Recently, a large-scale matched cohort research including 17.7 million participants showed that NAFLD was not significantly related to stroke or acute myocardial infarction risk after adjustment for established CVD risk factors [40]. In this concern, the alteration from NAFLD to MAFLD was proposed for identifying more patients at an increased risk of CVD in the general population [26,41]. Our research for the first reported that both MAFLD and NAFLD was associated with an increased CVD risk. Compared with NAFLD, the MAFLD criteria had no further improvement in either NRI or IDI, which indicated that the alteration from NAFLD to MAFLD criteria didn’t recognize additional CVD risks in RA patients. On the one hand, as an inflammatory disease, RA is an important risk factor for CVD [3]. Meanwhile, systemic inflammation is also implicated in the progression of liver fibrosis, which was identical between the NAFLD and MAFLD [6,7]. On the other hand, the presence of metabolic dysfunction is the main reason responsible for the superiority of MAFLD over NAFLD to predict CVD risk [26,41]. However, in this study, the rate of overweight/obesity, a key metabolic trait of MAFLD, in Chinese RA patients was 32.7%, which was lower than that in Chinese general adults (50.7%) [42]. All these data indicated that whether it is appropriate to rename NAFLD to MAFLD in RA patients warrants further studies.

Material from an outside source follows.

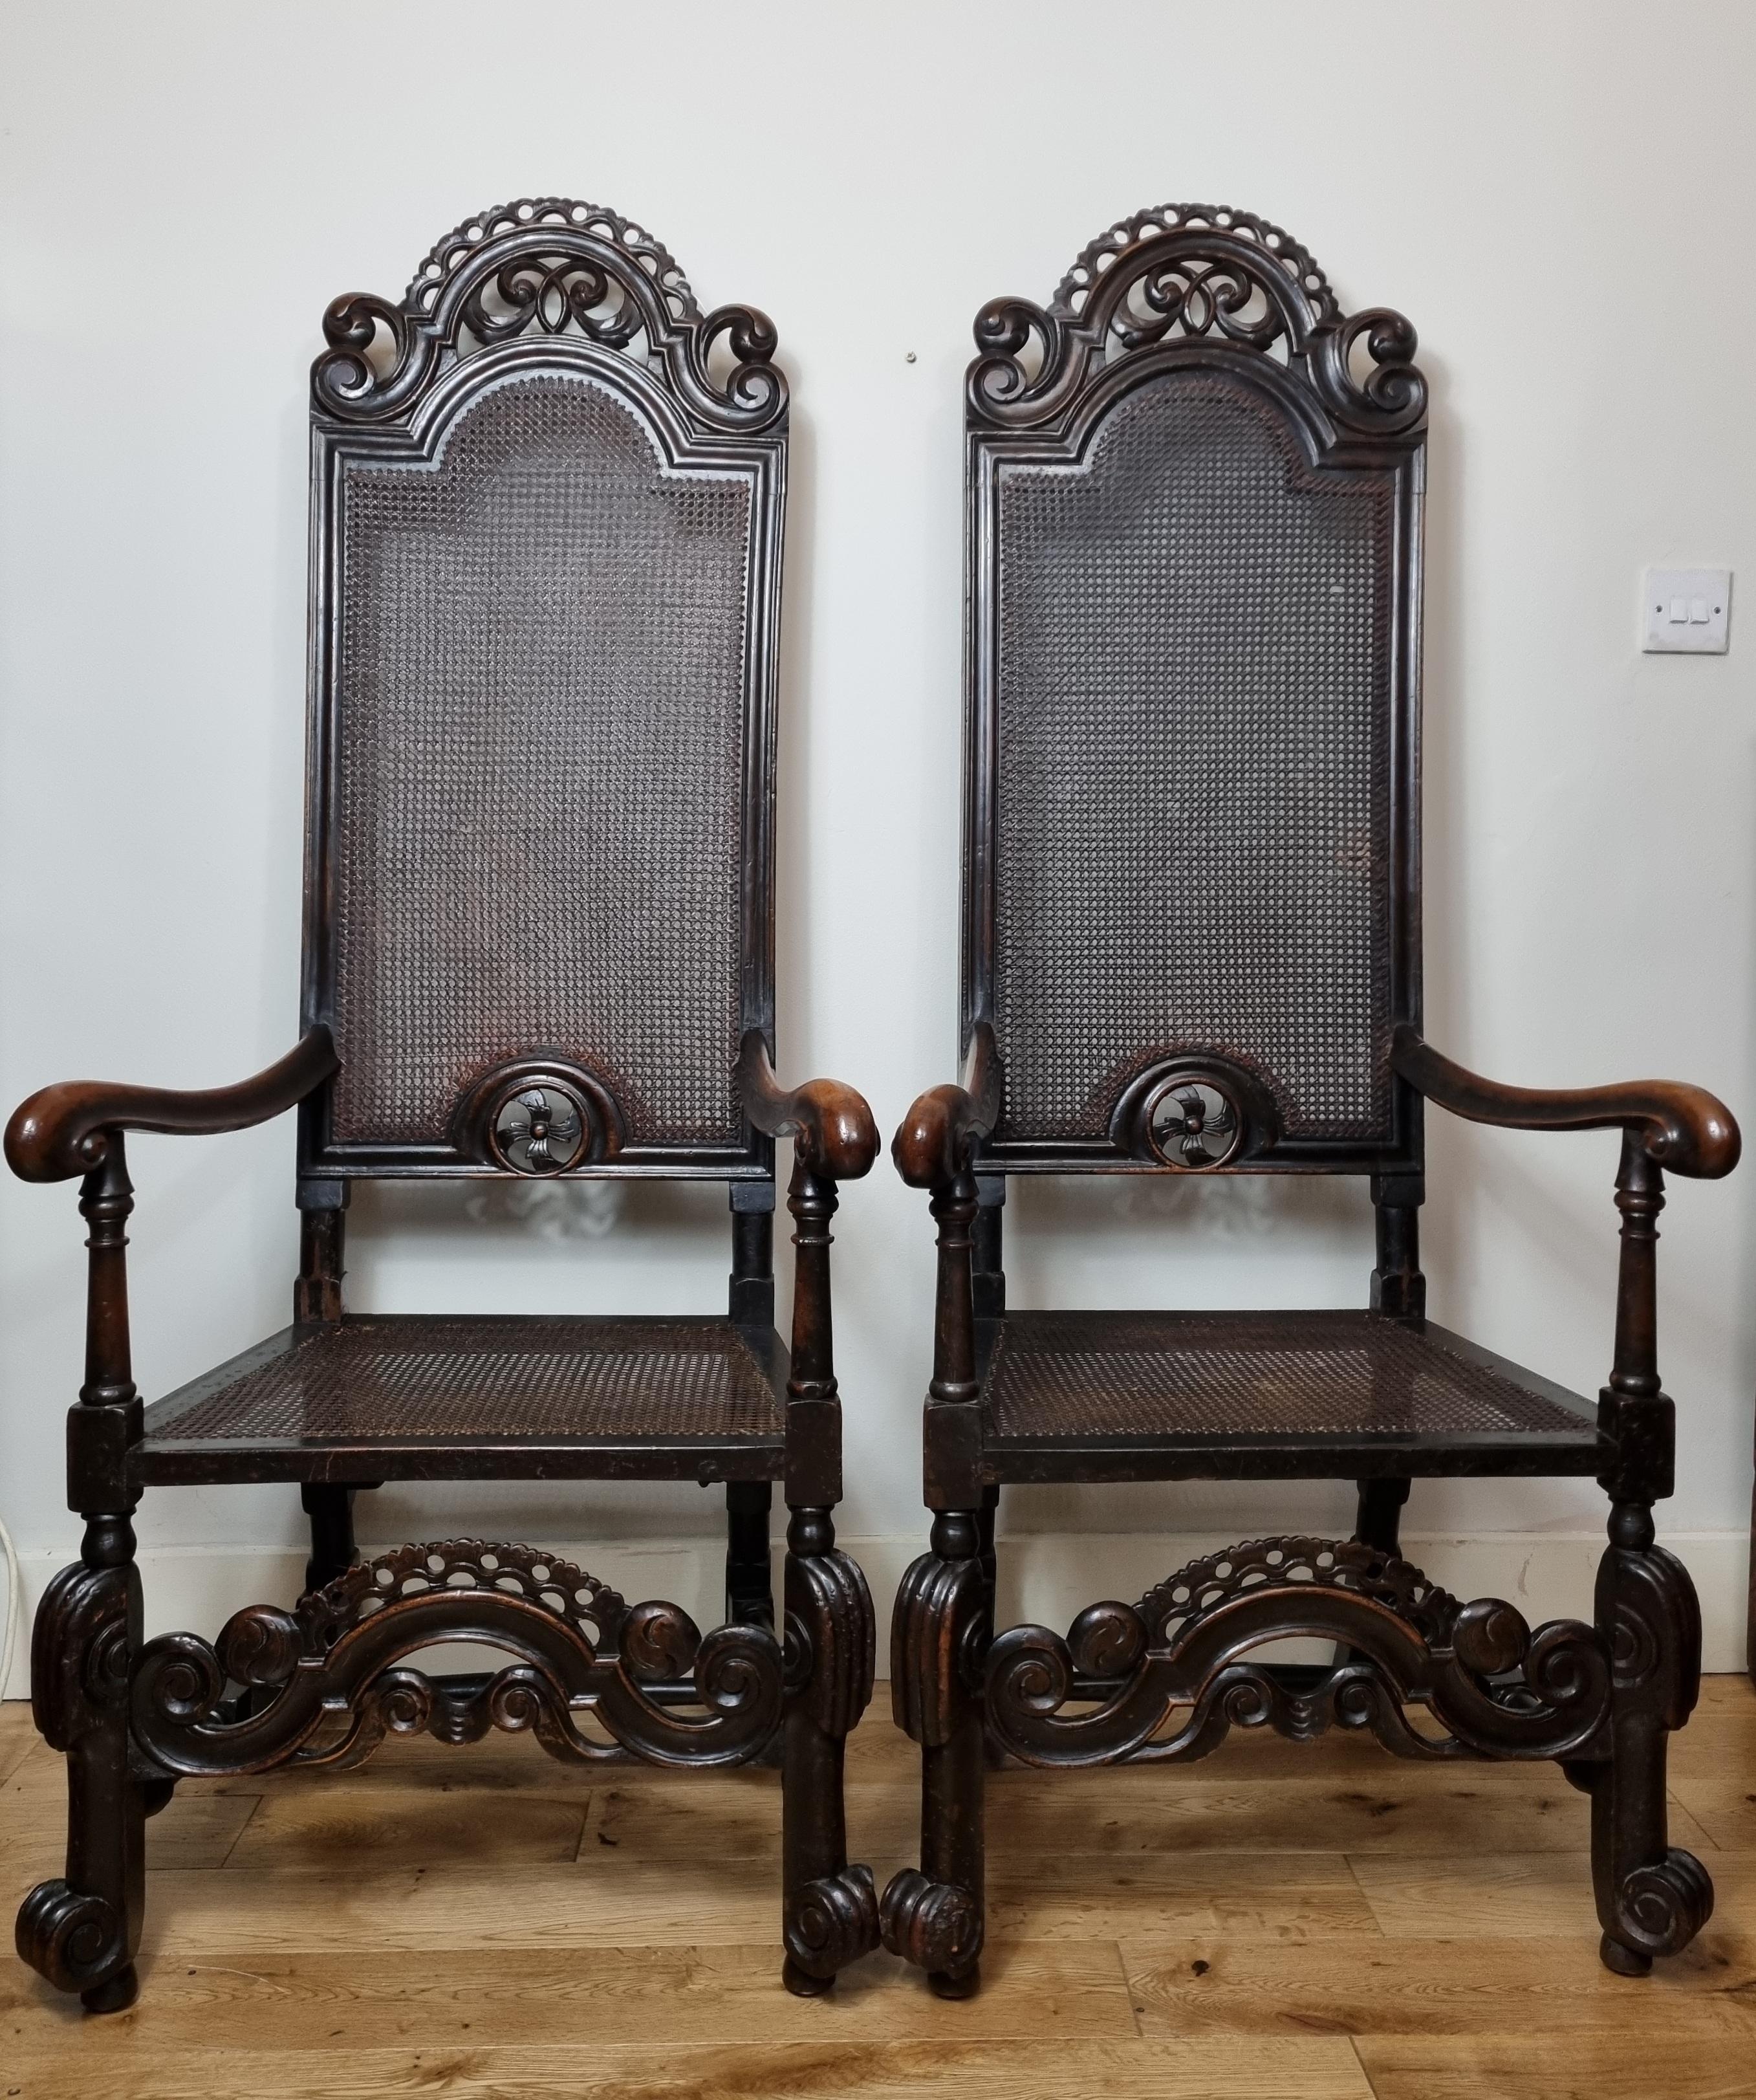 Une paire exceptionnellement rare de fauteuils William et Mary en noyer sculpté, datant de la fin du 17ème siècle 1690. Merveilleuse couleur avec une patine d'origine riche et profonde. La barre de dossier à volutes, le dossier et l'assise cannelés,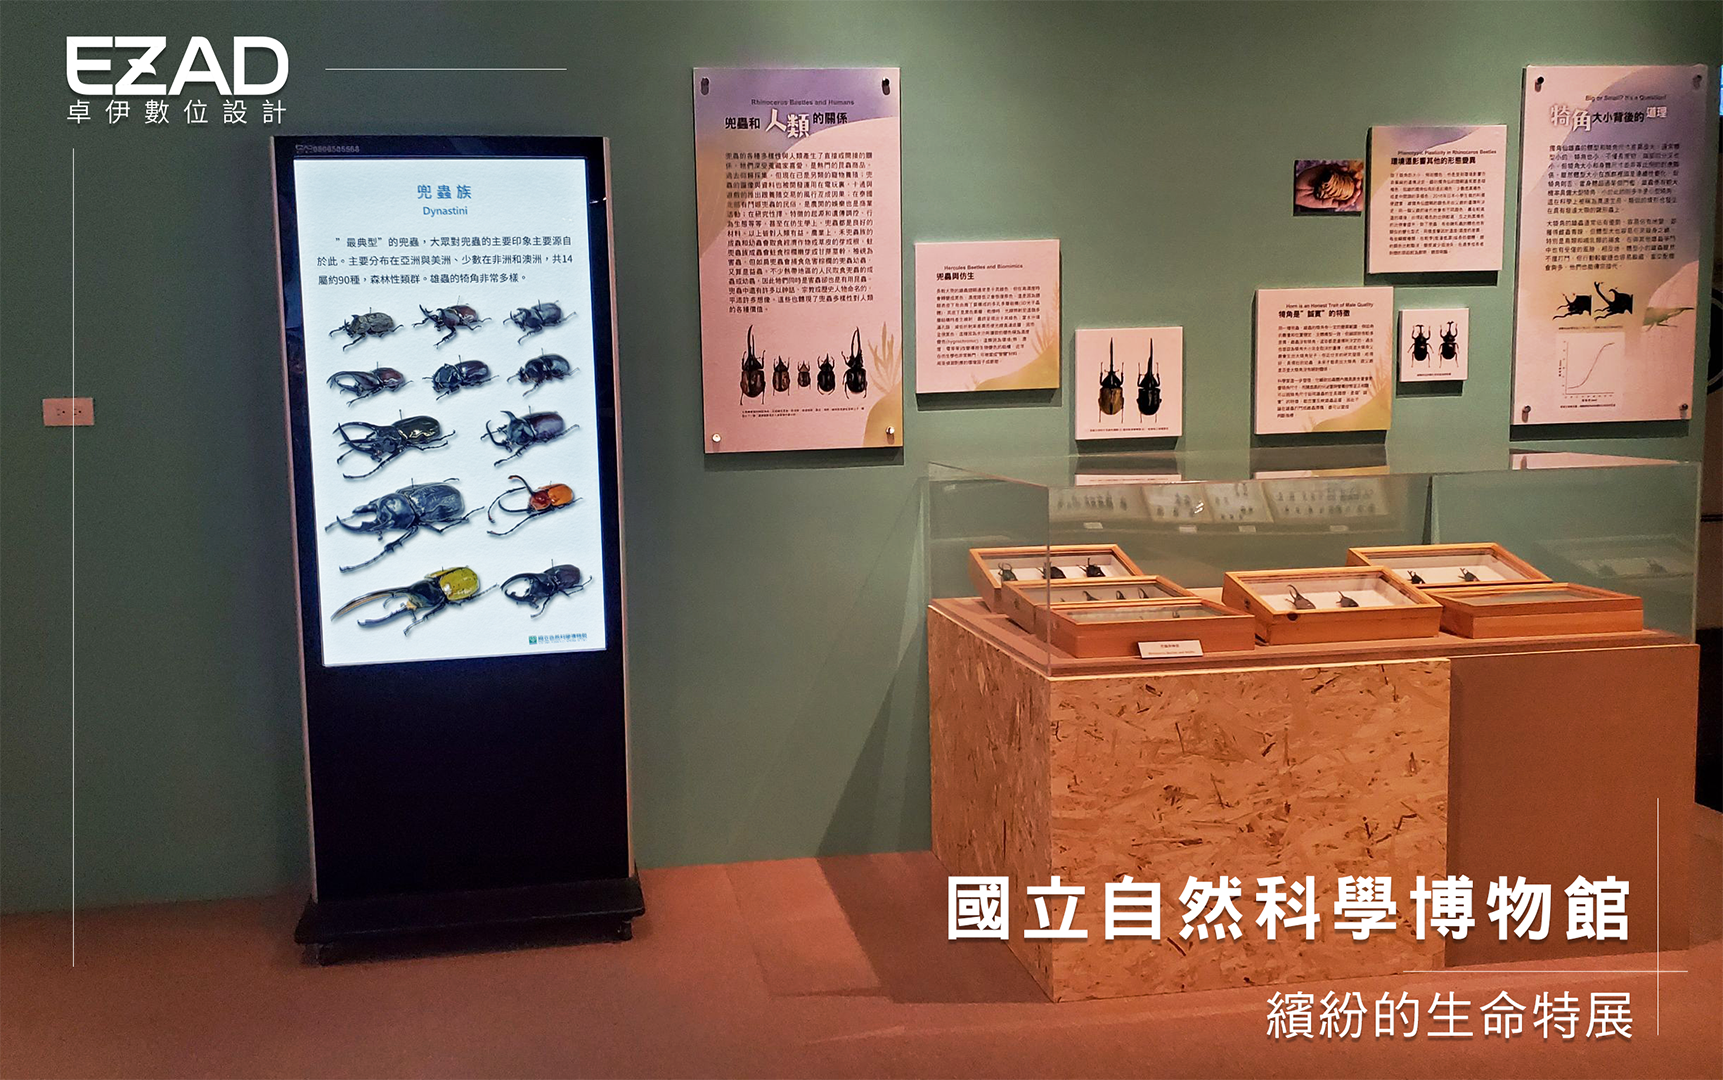 臺中國立自然科學博物館《繽紛的生命特展》

T2DM and IR are the most important risk factors for NAFLD or MAFLD development, which strongly predict adverse clinical outcomes such as advanced hepatic fibrosis and mortality [43, 44]. In turn, fat accumulation in the liver causes hepatic IR, boosts increased glucose production in the liver, and in turn acts as a further stimulus for increasing whole-body IR [45] and CVD risks [46]. MAFLD (defined by hepatic steatosis index > 36) was present in 76.3% of the 78,895 T2DM patients in Italian specialist care [47]. Diabetes MAFLD had more significant fibrosis than overweight, obese, lean/normal weight MAFLD (18.9% vs. 1.3% vs. 5.5% vs. 6.4%) [47]. In the present study, the prevalence of T2DM in RA patients with MAFLD was 30.9%, and RA patients with T2DM had a higher prevalence of MAFLD than non-T2DM RA patients (43.0% vs. 17.5%), similar to that in the general population (47.2% vs. 25.9%) [48]. In RA patients with T2DM MAFLD, both fibrosis score and advanced fibrosis ratio were higher than the other two subtypes of MAFLD (defined by NFS: T2DM 58.8%, overweight/obesity 29.2%, lean/normal weight 21.4%). RA patients with T2DM MAFLD were related to a raised hazard of CVD events (OR = 3.044). These data implied that monitoring of MAFLD and CVD risk should be emphasized in RA patients especially with T2DM. 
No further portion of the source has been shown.